The ratio of the number of genes present on each chromosome to the size of the chromosome was approximately the same for all chromosomes. Genes identified were mostly placed in regions lacking repeats (Figure 2).

Many genes were annotated with disease resistance function, which could be further investigated for enhancing avocado productivity. The cellular component analysis identified various genes associated with organelle and intracellular organelle trafficking between nucleus and organelles. RNAse H, a non-sequence specific endonuclease cleaving RNA of DNA/RNA hybrids, is found in most organisms [5]. The abundance of these domains in avocado points to a major role in viral defence in plants, and as a gene modifier and driver of evolution and genome diversity [37] in avocado.

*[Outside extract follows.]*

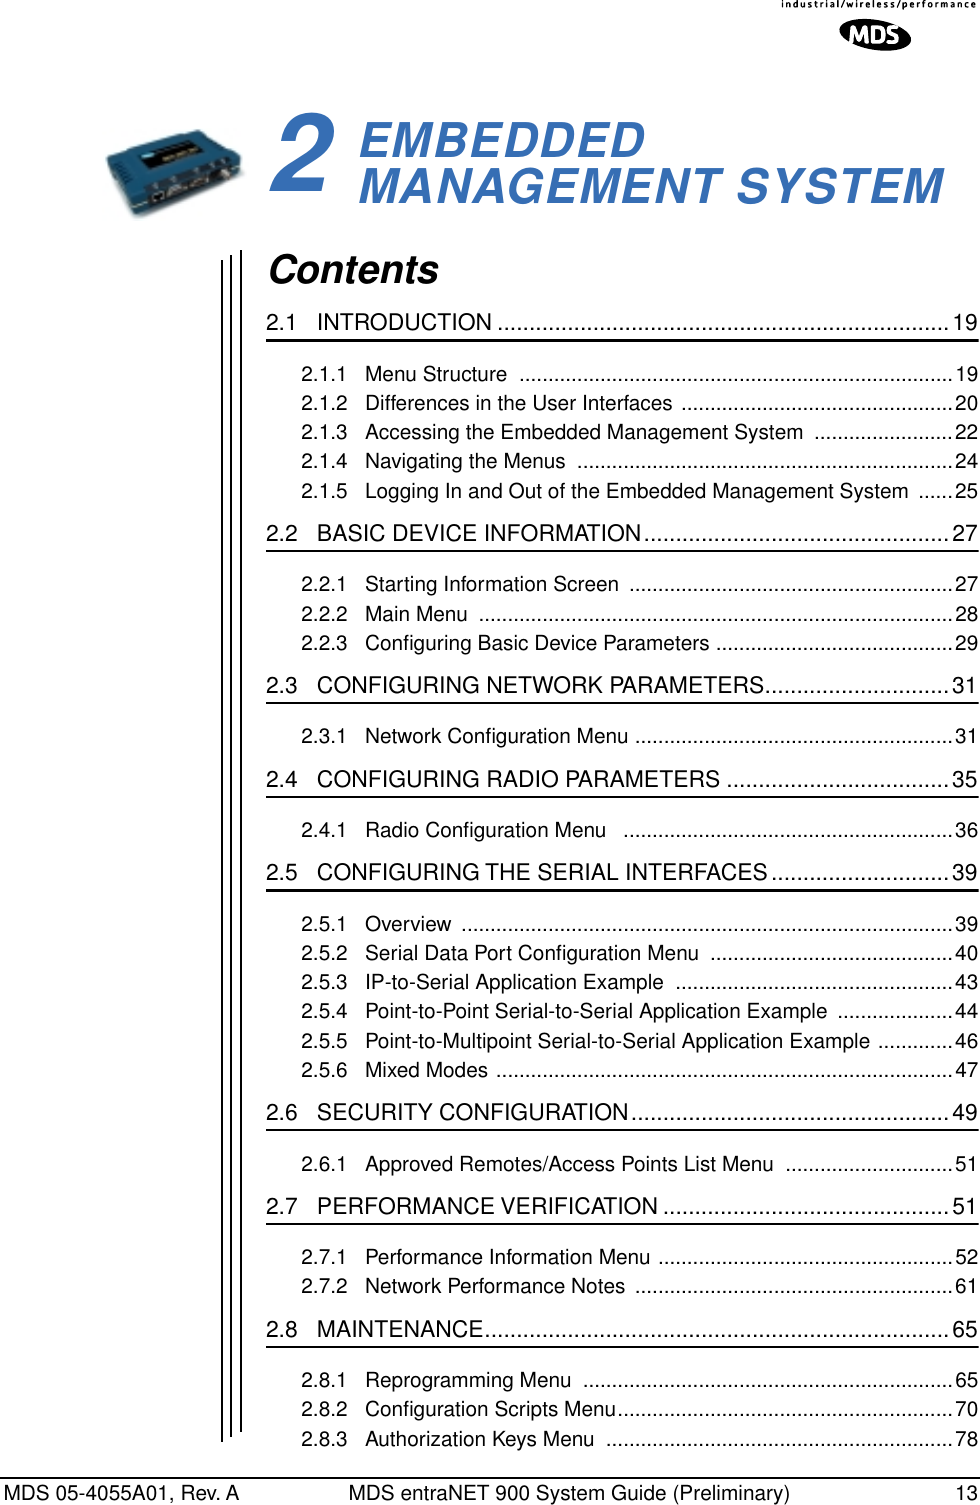 MDS 05-4055A01, Rev. A MDS entraNET 900 System Guide (Preliminary) 132EMBEDDED MANAGEMENT SYSTEM2 Chapter Counter Reset ParagraphContents2.1   INTRODUCTION .......................................................................192.1.1   Menu Structure  ...........................................................................192.1.2   Differences in the User Interfaces ...............................................202.1.3   Accessing the Embedded Management System  ........................222.1.4   Navigating the Menus  .................................................................242.1.5   Logging In and Out of the Embedded Management System  ......252.2   BASIC DEVICE INFORMATION................................................272.2.1   Starting Information Screen  ........................................................272.2.2   Main Menu  ..................................................................................282.2.3   Conﬁguring Basic Device Parameters .........................................292.3   CONFIGURING NETWORK PARAMETERS.............................312.3.1   Network Conﬁguration Menu .......................................................312.4   CONFIGURING RADIO PARAMETERS ...................................352.4.1   Radio Conﬁguration Menu   .........................................................362.5   CONFIGURING THE SERIAL INTERFACES............................392.5.1   Overview  .....................................................................................392.5.2   Serial Data Port Conﬁguration Menu  ..........................................402.5.3   IP-to-Serial Application Example  ................................................432.5.4   Point-to-Point Serial-to-Serial Application Example  ....................442.5.5   Point-to-Multipoint Serial-to-Serial Application Example .............462.5.6   Mixed Modes ...............................................................................472.6   SECURITY CONFIGURATION..................................................492.6.1   Approved Remotes/Access Points List Menu  .............................512.7   PERFORMANCE VERIFICATION .............................................512.7.1   Performance Information Menu ...................................................522.7.2   Network Performance Notes  .......................................................612.8   MAINTENANCE.........................................................................652.8.1   Reprogramming Menu  ................................................................652.8.2   Conﬁguration Scripts Menu..........................................................702.8.3   Authorization Keys Menu  ............................................................78

Primary metabolism in avocado is unique, involving 7-carbon sugars and sugar alcohols [15]. Additionally, avocado is rich in heptose. The presence of a sedoheptulose 1,7-bisphosphatase suggests the predominant pathway of heptose biosynthesis in avocado is via sedoheptuloase 1,7 bisphosphate rather than alternative routes that do not involve this intermediate. The high copy number of heptose sugar synthesis regulating genes in avocado could help explain the abundance of heptose in avocado and its absence in Cinnamomum. The HOGs analysed among avocado, Cinnamomum and tomato indicated the evolutionary retention, duplication, and in particular, gain of genes related to the 7-carbon sugar pathway. Avocado also has a fruit ripening mechanism involving cellulase. Endo-polygalacturonase acts as a glycosidase and hydrolase, and is involved in maceration and soft-rotting of plant tissue [29]. The abundance of endoglucanase genes observed supports avocado using cellulase for fruit ripening.

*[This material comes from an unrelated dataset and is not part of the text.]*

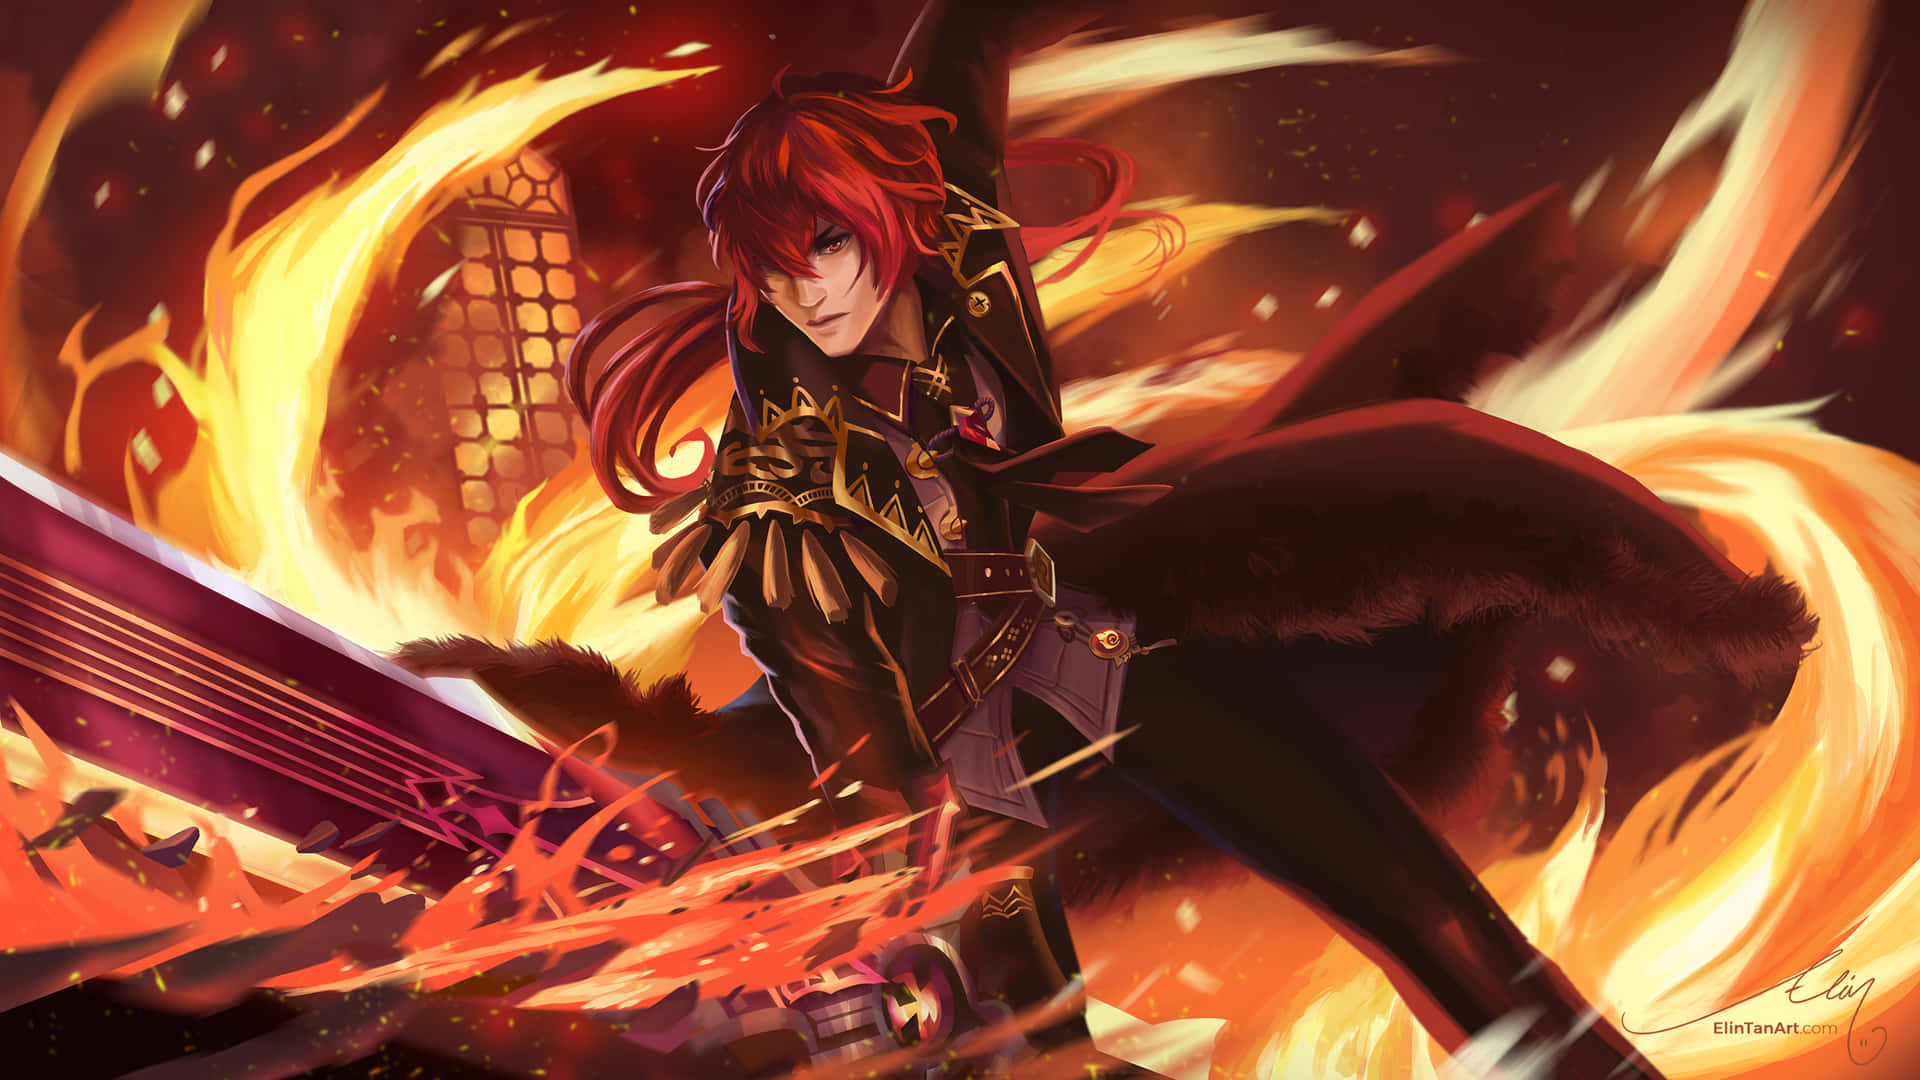 A Girl With Red Hair Holding A Sword In Flames Wallpaper

The availability of a largely complete genome allows for the investigation of many other key pathways in avocado. Potassium content for some of the studied Lauraceae species is higher than in banana [8, 22]. Avocado when compared to Cinnamomum had a similar copy number of potassium metabolism-related genes, possibly reflecting similar potassium content. Investigations of the genes responsible for avocado’s unique lipid composition are also now feasible via genome mining in combination with gene expression analysis across genotypes and developmental stages. As a starting point to further exploration, we identified genes likely involved in the lipid metabolism pathway (Table S4).

The proteomes from five angiosperm genomes were clustered to identify unique and shared genes with respect to avocado. Many unique genes specific to avocado and Lauraceae were identified. Mannose binding-related orthogroups were enriched specifically in avocado and tomato, and contained cellulase genes that might reflect the common ripening processes in these species.

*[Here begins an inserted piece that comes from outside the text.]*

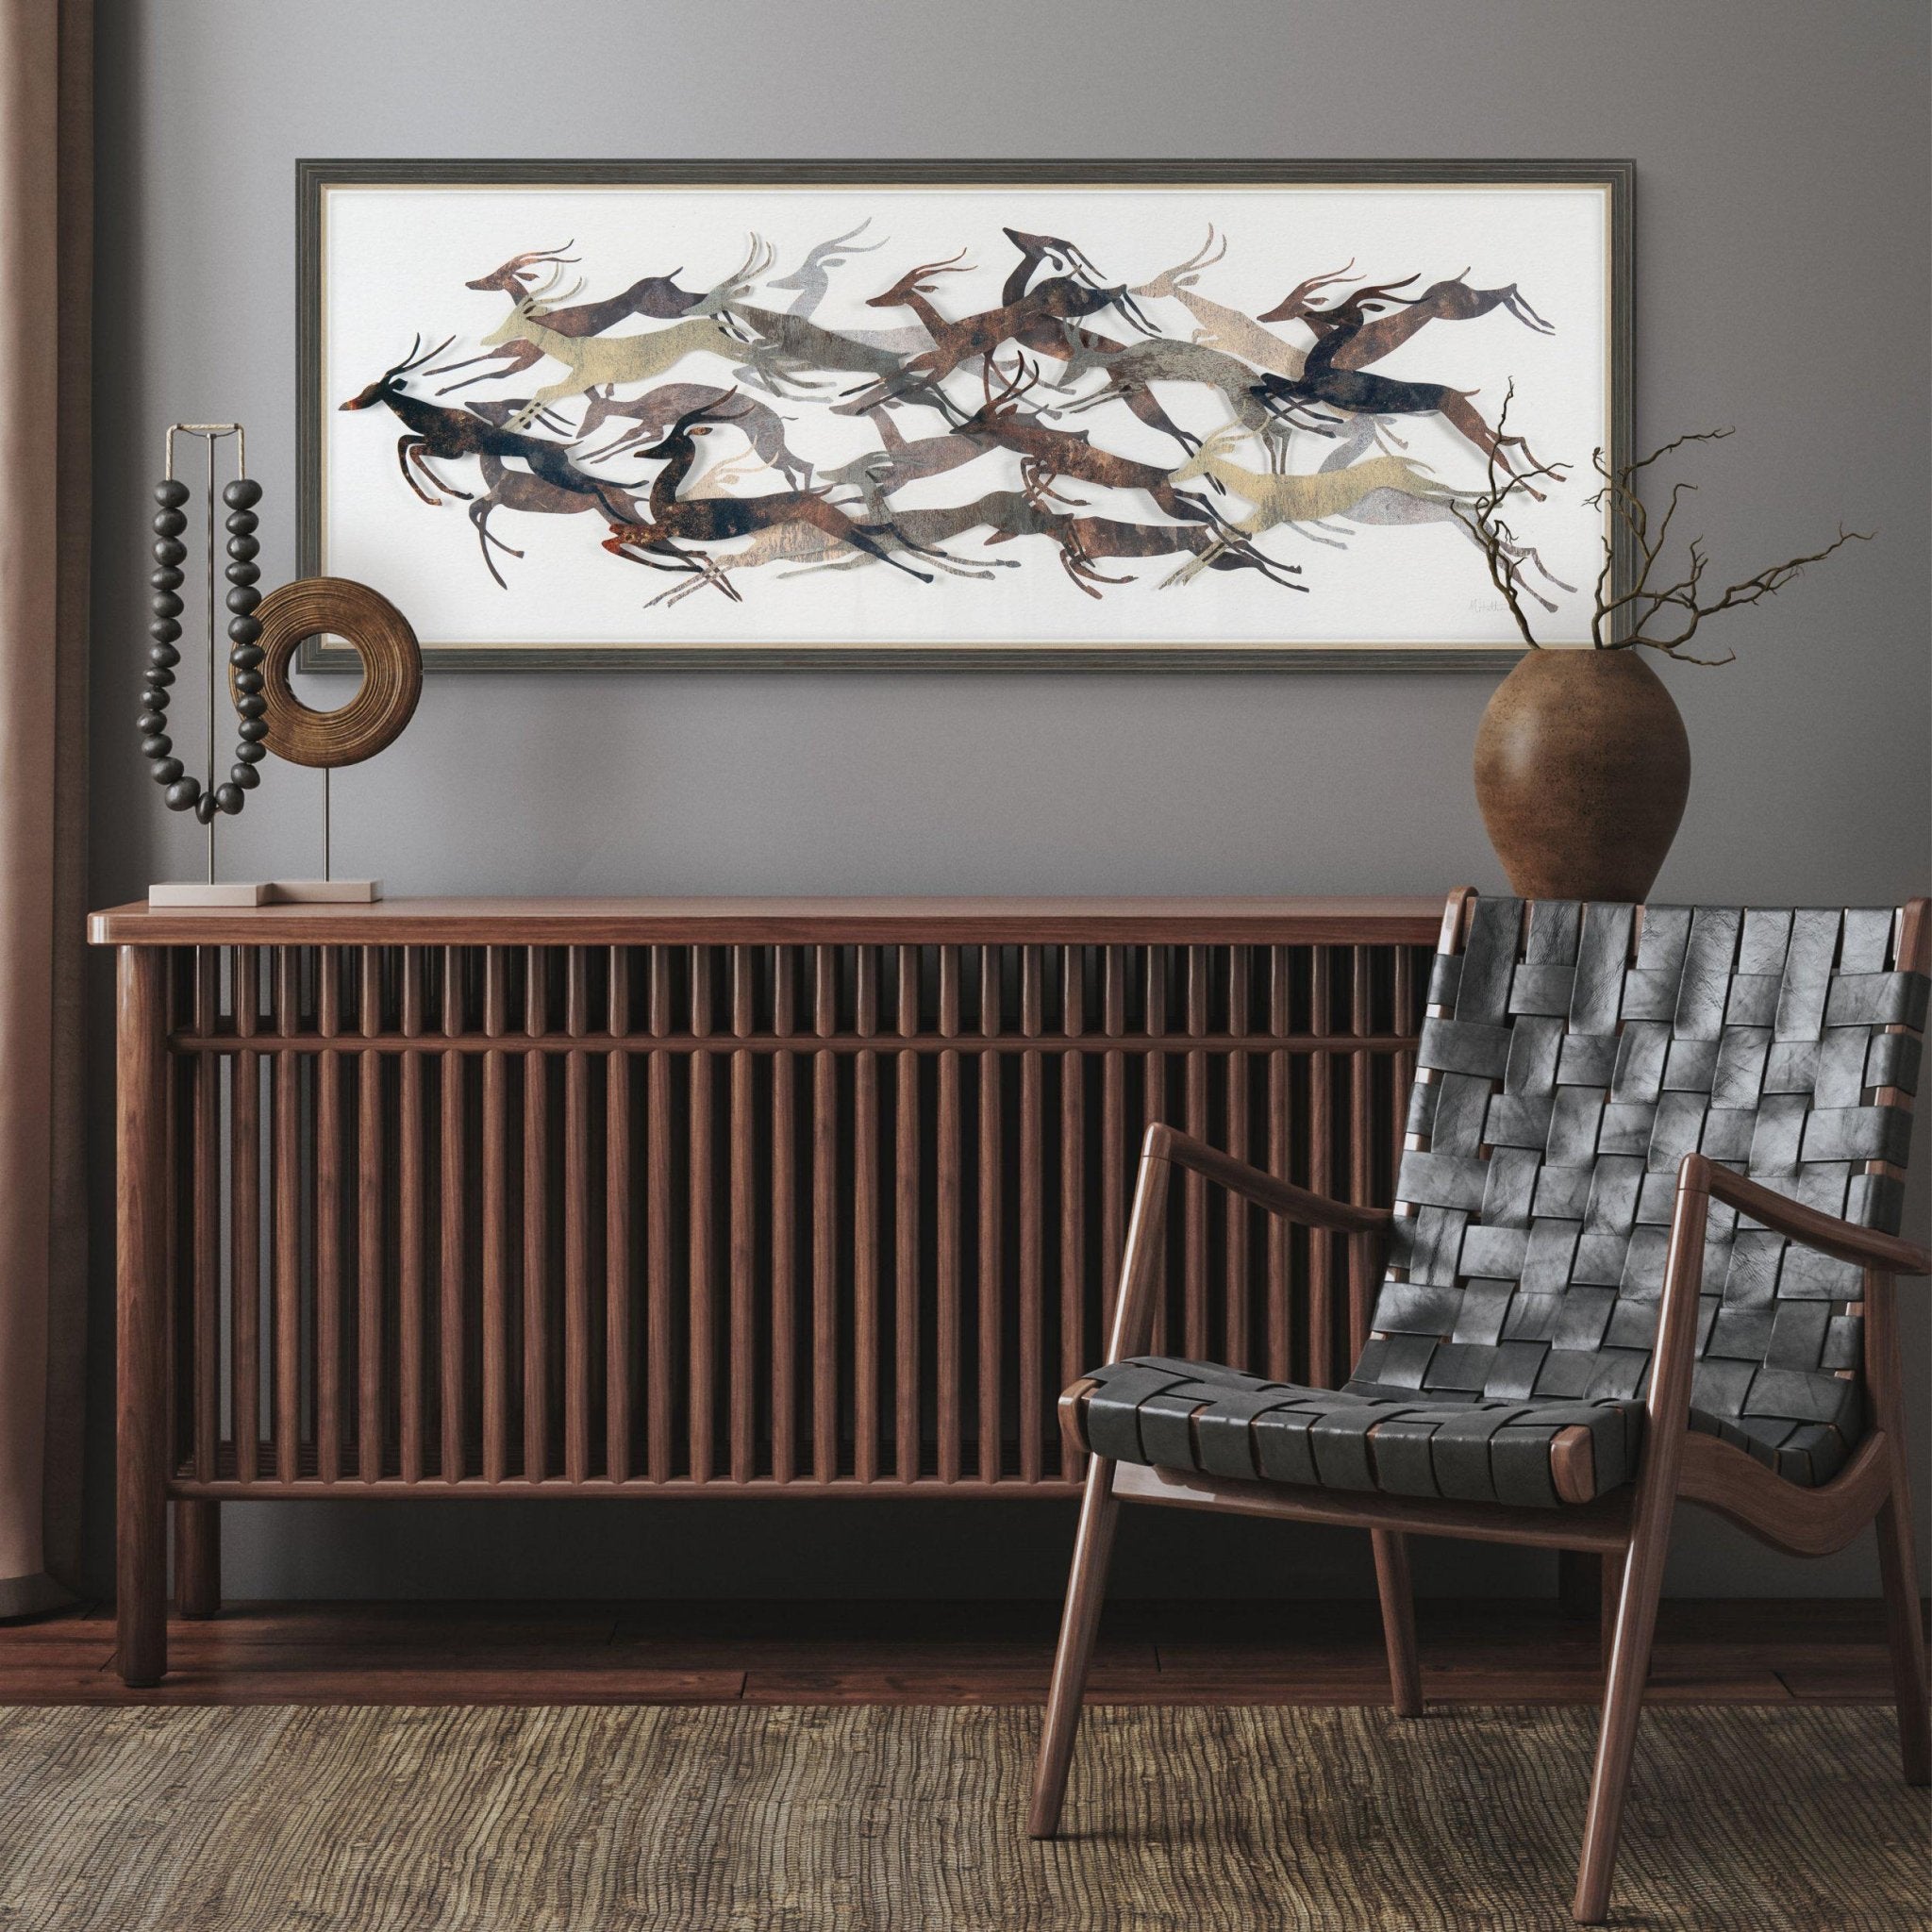 All Together Now by Mark Hather - Duck Barn Interiors

This high-quality avocado genome provides a key resource to support avocado genetic improvement. The availability of other high quality genomes from the mangoliids for comparative analysis in future will complement and improve understanding of early angiosperm evolution.

Material and methods

Sample collection

A mixture of young and mature leaves were collected from a clone of the mother Hass avocado tree, aged 30, planted at Maroochy Research Facility, Nambour, Queensland. The collected leaves were snap-frozen in liquid nitrogen, followed by transport on dry ice and stored at −80°C until further processing. An aliquot of frozen leaves was finely ground in liquid nitrogen using a mortar and pestle and stored at −80°C before being further used for nucleic acid extraction.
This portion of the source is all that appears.